In the EU specifications (see Table 1), saccharin (E 954 (i)) is defined (according to the chemical name) as an anhydrous substance (molecular weight 183.18), whereas the sodium salt (E 954 (ii)) is defined as a dihydrate (molecular weight 241.19), the potassium salt (E 954 (iv)) as a monohydrate (molecular weight 239.77) and the calcium salt (E 954 (iii)) as a hydrate with two saccharin units and 3.5‐waters of crystallisation (molecular weight 467.48). Considering the chemical formula of the salts of saccharin, the conversion factors to express the salts on a free imide basis (i.e. saccharin itself) are 0.76, 0.76 and 0.78 for the sodium, potassium and calcium salts, respectively.

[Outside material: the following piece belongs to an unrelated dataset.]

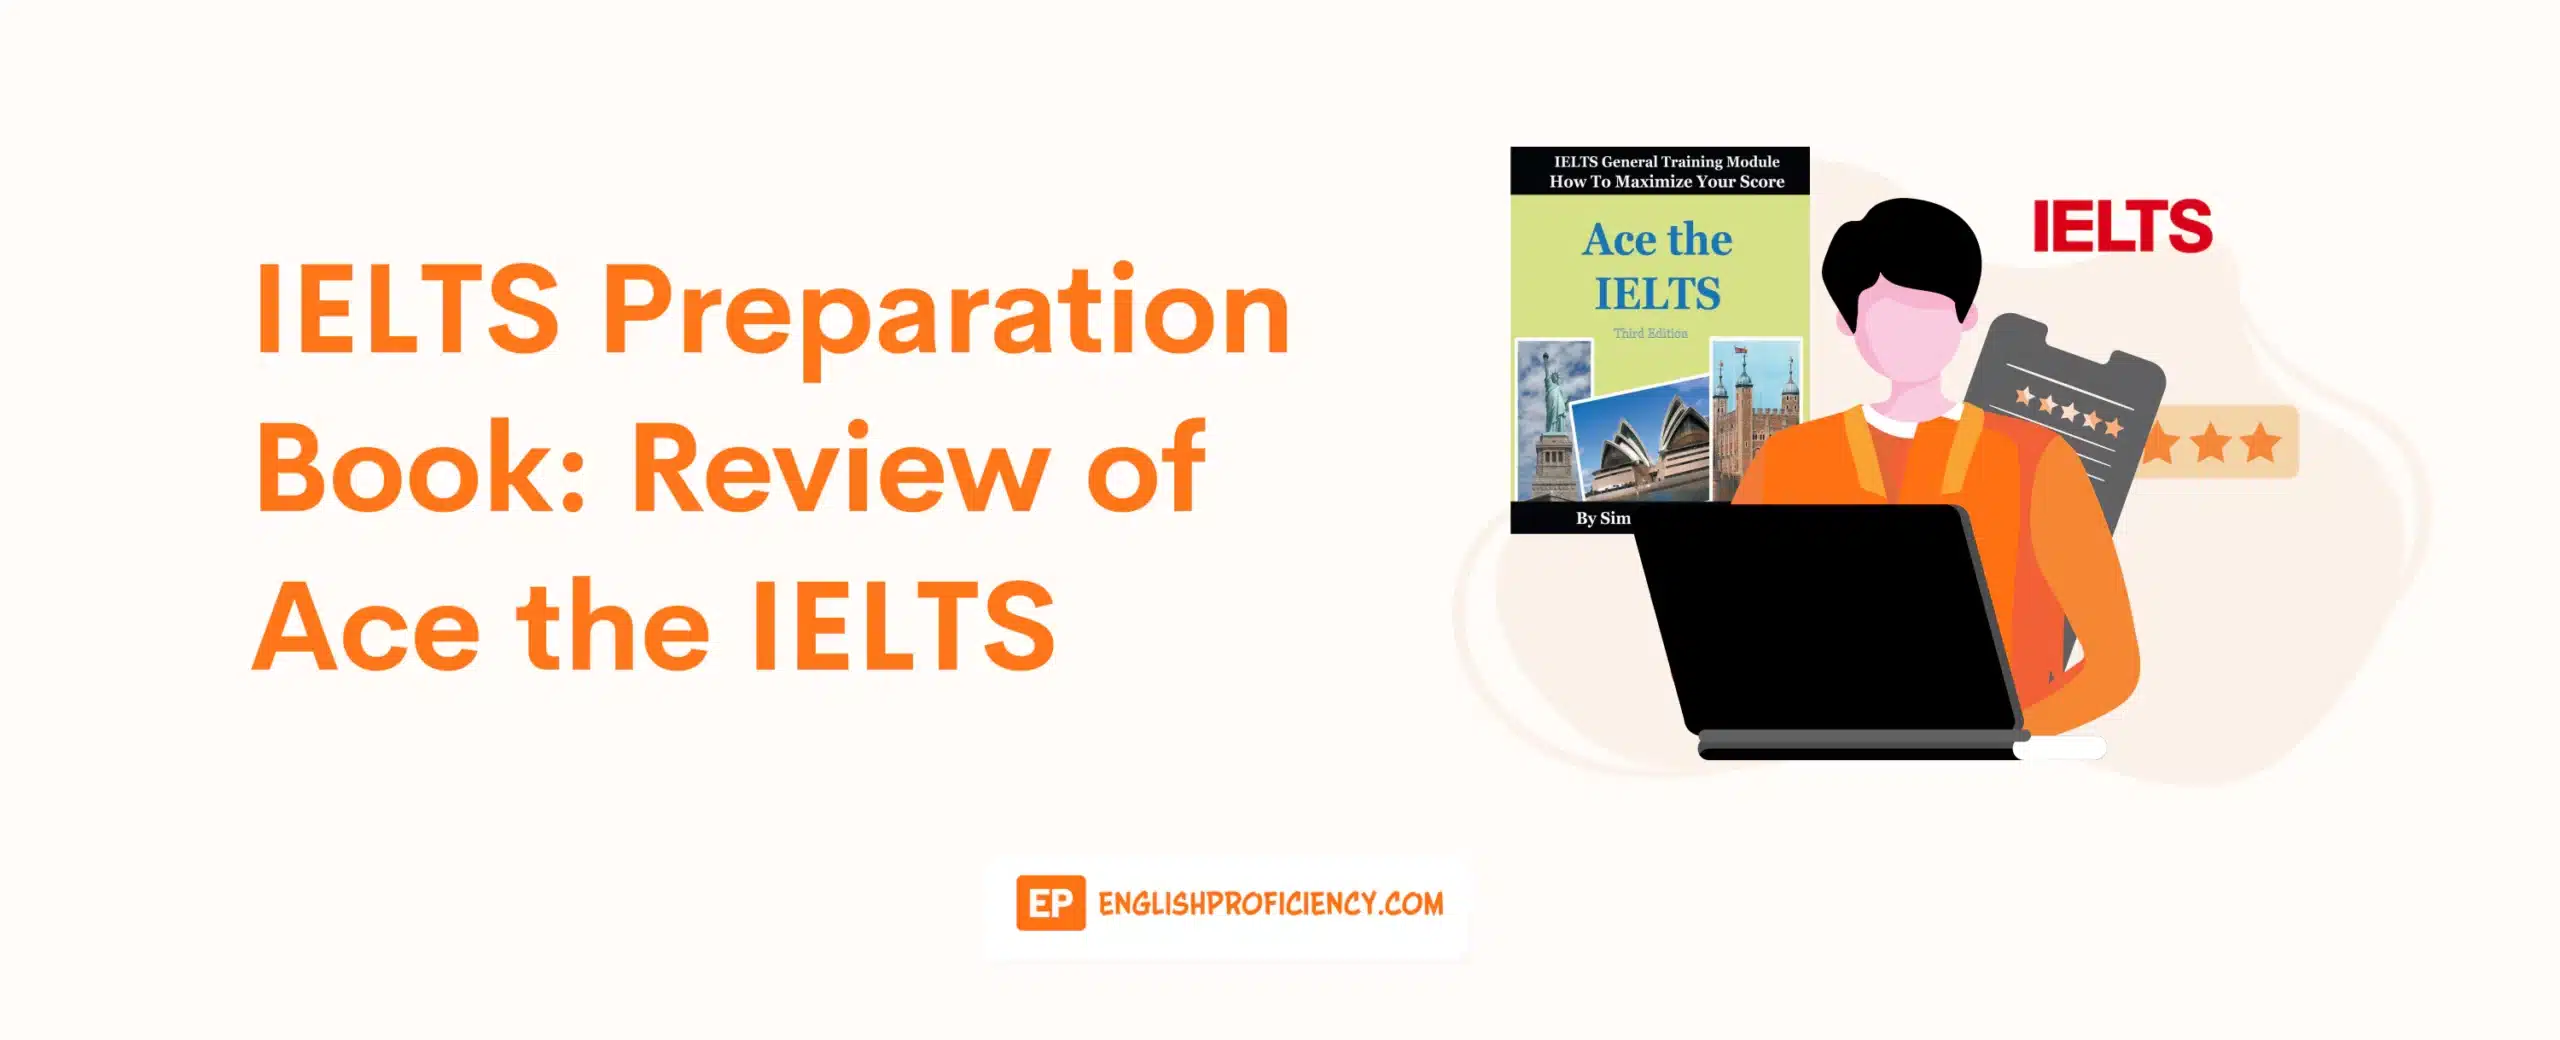 IELTS Preparation Book Review of Ace the IELTS

The Panel noted that the EINECS numbers 204‐886‐1 for sodium saccharin (E 954 (ii)) and 229‐349‐9 for calcium saccharin (E 954 (iii)) reported in the EU specifications refer to the anhydrous substances. In addition, the Panel noted that no CAS numbers and no description of the manufacturing processes are indicated for saccharin and its sodium, potassium and calcium salts (E 954) in the EU specifications.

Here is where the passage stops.